Background technology:
Newcastle disease (Newcastle disease; ND) be the strong communicable disease of present serious harm livestock industry and human health; Two sick propagation all can cause respiratory system disease and the general septicemia of bird, and nearly all wild and domestic bird all can infect.Now, newcastle disease (ND) is classified as the category-A transmissible disease by International Office of Epizootics (OIE), and China Ministry of Agriculture also is decided to be one type of animal epidemic to them.Newcastle disease be by NDV (Newcastle disease virus, NDV) cause bird with expiratory dyspnea, the yellow-green colour of having loose bowels just, nervous function disorder and mucous membrane, serous coat is hemorrhage is height contact, the acute septic transmissible disease of principal character.Though NDV has only a serotype, at present the biological characteristicses such as virulence between tens of kinds of strains are widely different in the world.Generally can NDV be divided into anaphylactic type strain, middle hair style strain and delayed type strain by traditional pathogenic index difference.NDV belongs to the member of the Rubulavirus (Rubulavirus) of Paramyxoviridae (Paramyxoviridae), paramyxovirus subfamily (Paramyxovirinae).Virus particle is polymorphism, and diameter is about 100~250nm, has the virus particle of cyst membrane generally rounded, but often irregular because of cyst membrane breakage form.(Newcastle disease virus is a non-segmented negative sub-thread minus-stranded rna virus NDV) to NDV, is the important member and the model virus of Paramyxoviridae.The full gene group leader of NDV 15186bp comprises 6 genes, respectively at least 8 kinds of albumen of coding; Be nucleoprotein (NP), phosphoric acid albumen (P), stromatin (M); Fusion rotein (F), hemagglutinin-neuraminidase (HN) and polymerase protein (L), and by V and two kinds of albumen of W of P genes encoding.Wherein F albumen is that the NDV cells infected is necessary, and it can not only promote virus envelope and host cell membrane to merge, and can promote to merge between the adjacent host cell, is the important component that constitutes the NDV virulence.

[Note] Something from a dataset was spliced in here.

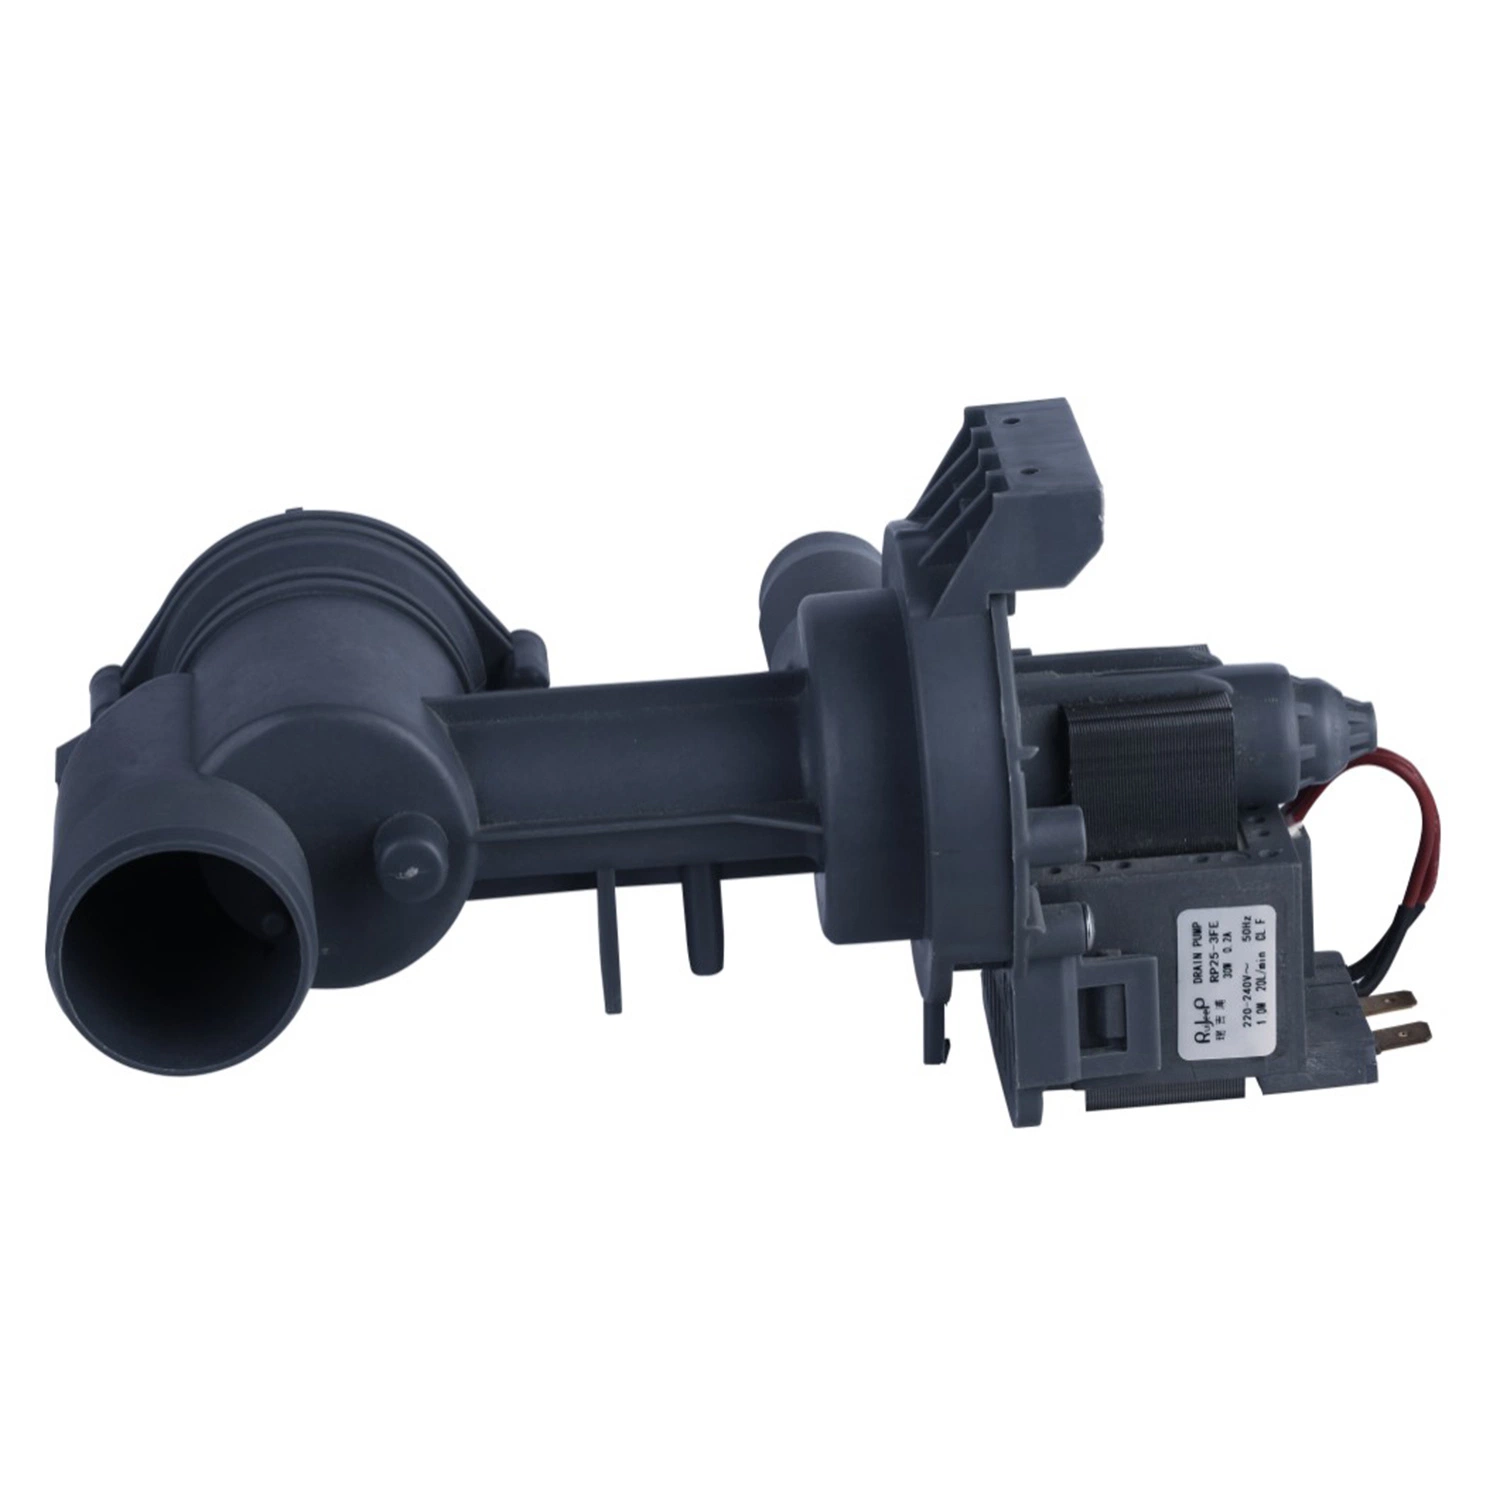 Premium 220V Universal AC Drain Pump with High Quality and 3 Year Warranty
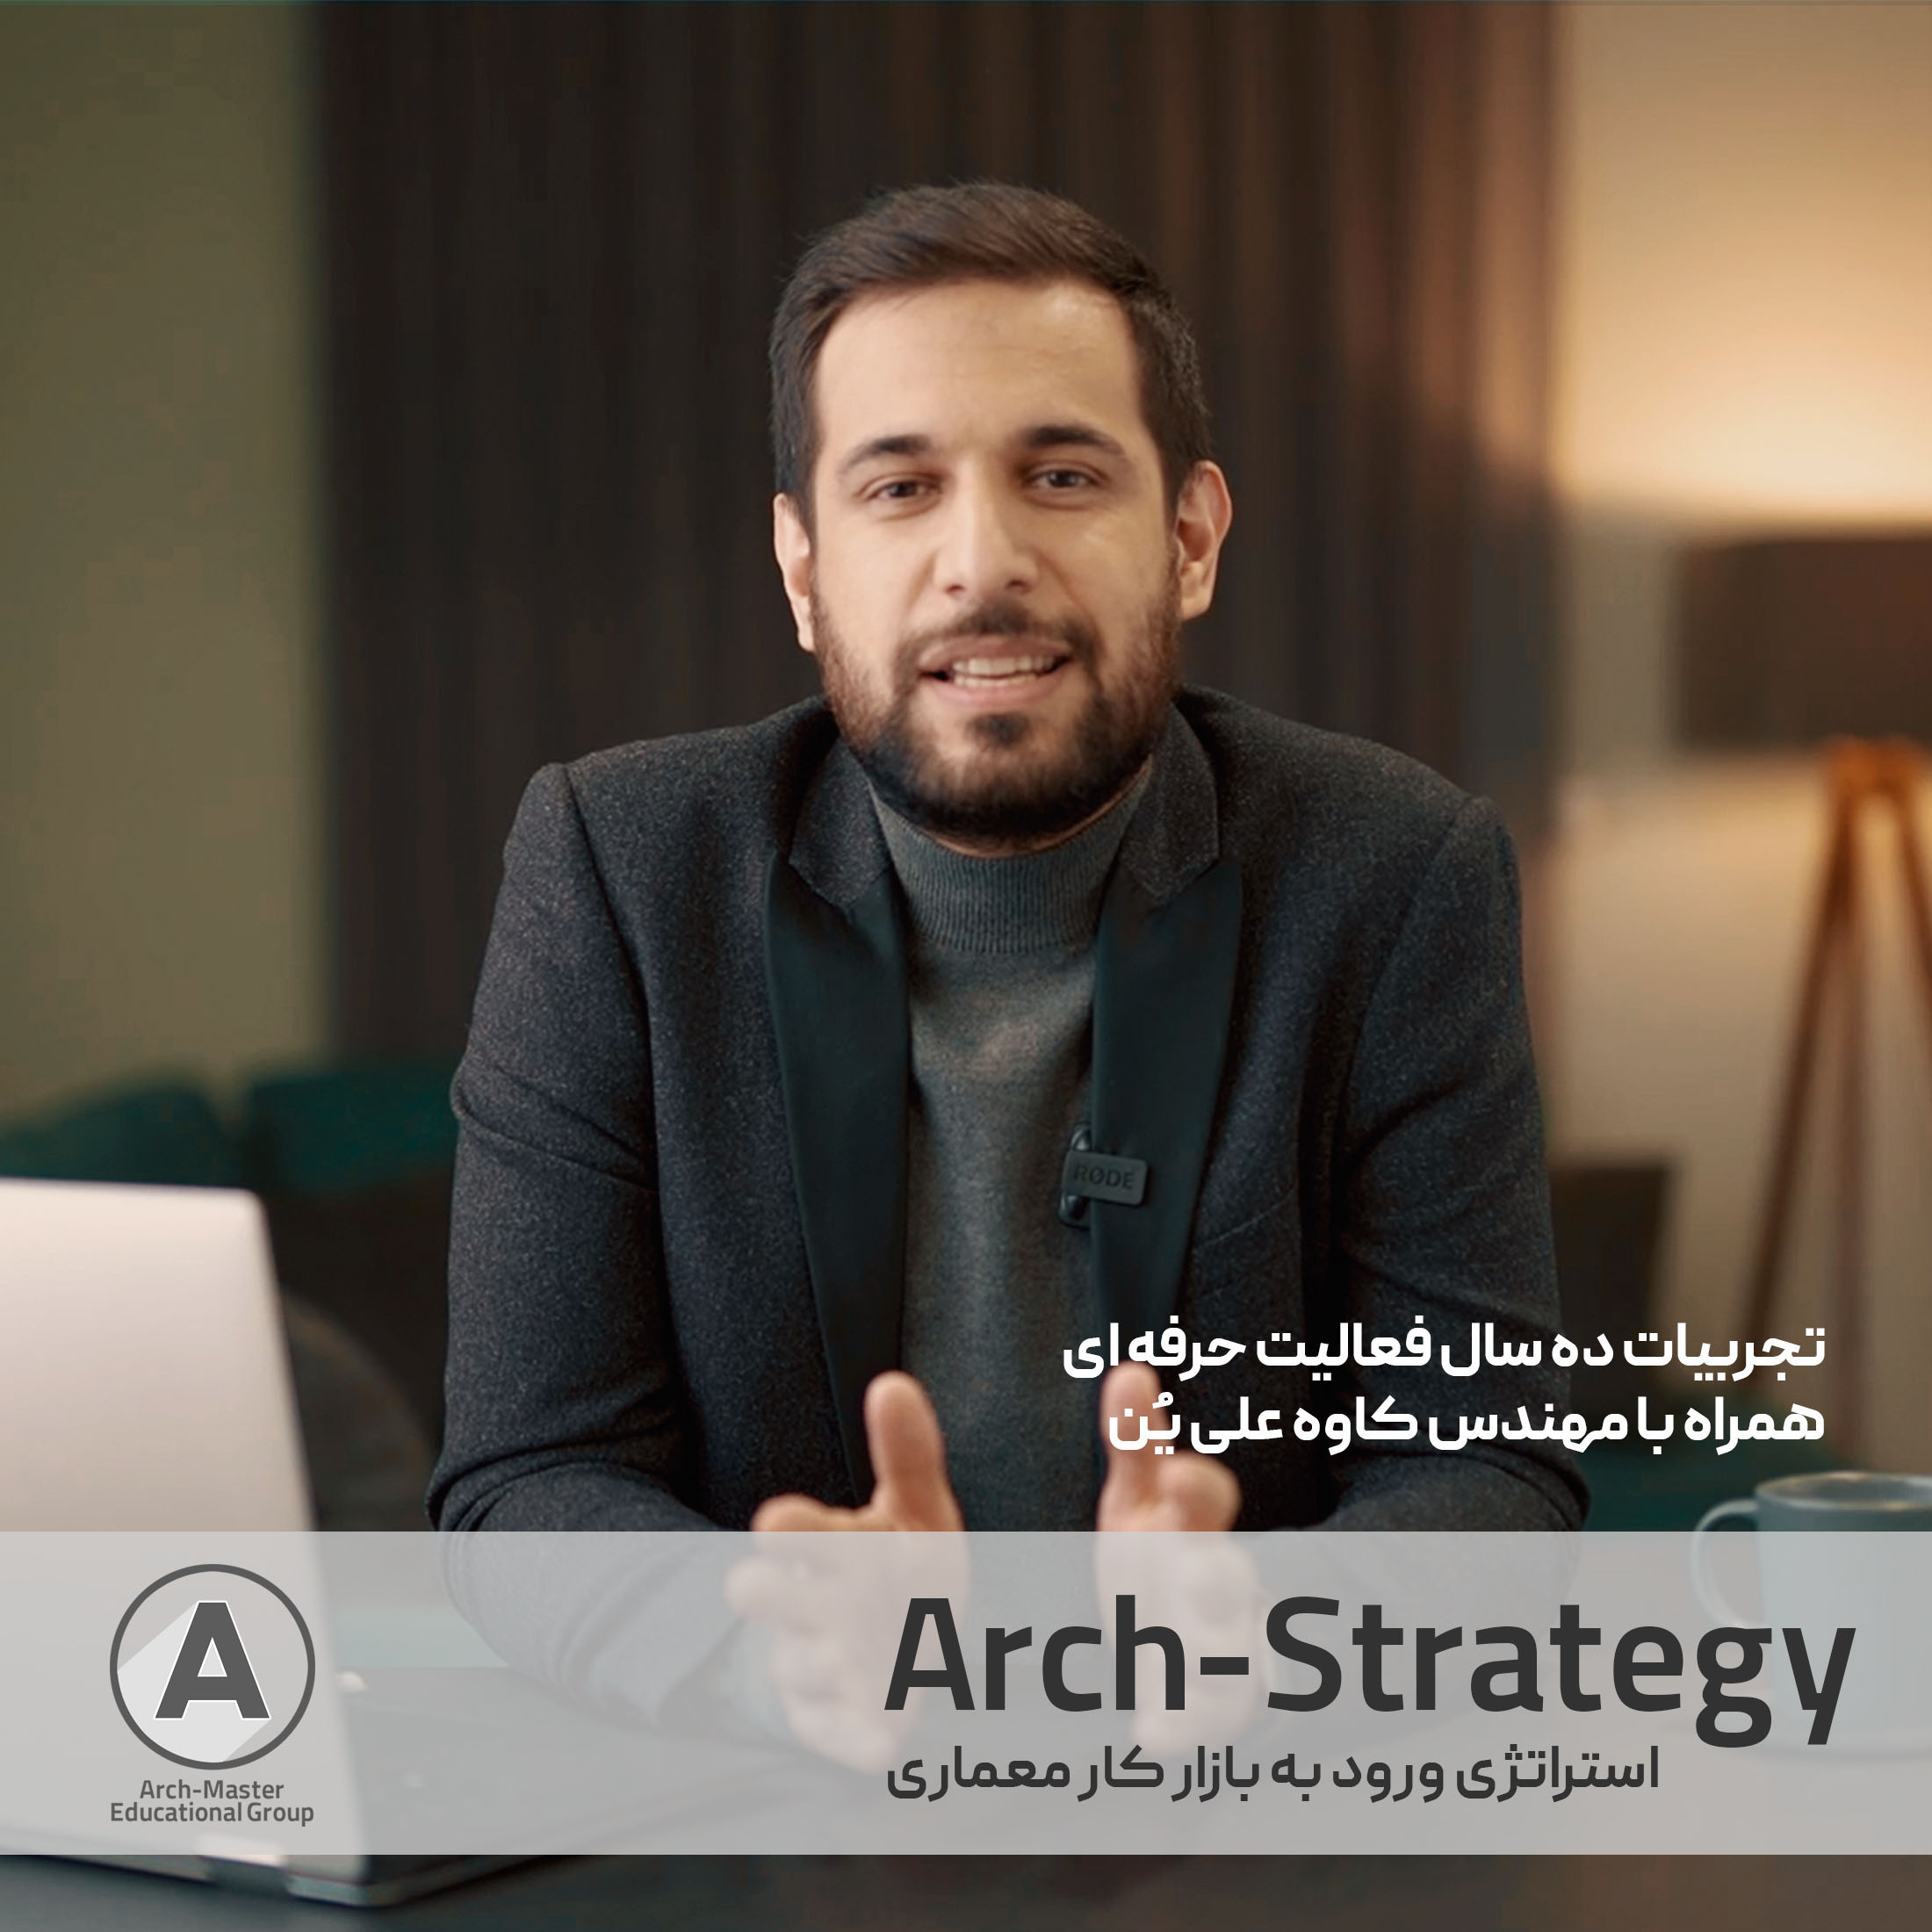 Arch-Strategy

At present; The diagnosis of newcastle disease virulence mainly is serological test and egg inoculation experiment; Technical evaluation hypotypes such as real time fluorescence quantifying PCR method and gene chip have been developed in recent years successively; But existing pathogen separation and serological diagnostic method complex operation; Can't realize synchronous detection to different subtype, PCR method also can't realize to this virus carry out fast, accurately, the purpose of high throughput testing somatotype, thereby need that research is a kind of can carry out the integrated diagnostic techniques that hypotype was investigated, accurately differentiated to high-throughput fast to influenza virus.
Summary of the invention:
The objective of the invention is to overcome the shortcoming that prior art exists; Seek to provide the tetra-sodium sequencing technologies discrimination method of a kind of NDV virulent strain and low virulent strain, for bird aquaculture, meat product processing and aspects such as exporter and international meat-based food trade provide a kind of quick, easy, efficient, practical discrimination method.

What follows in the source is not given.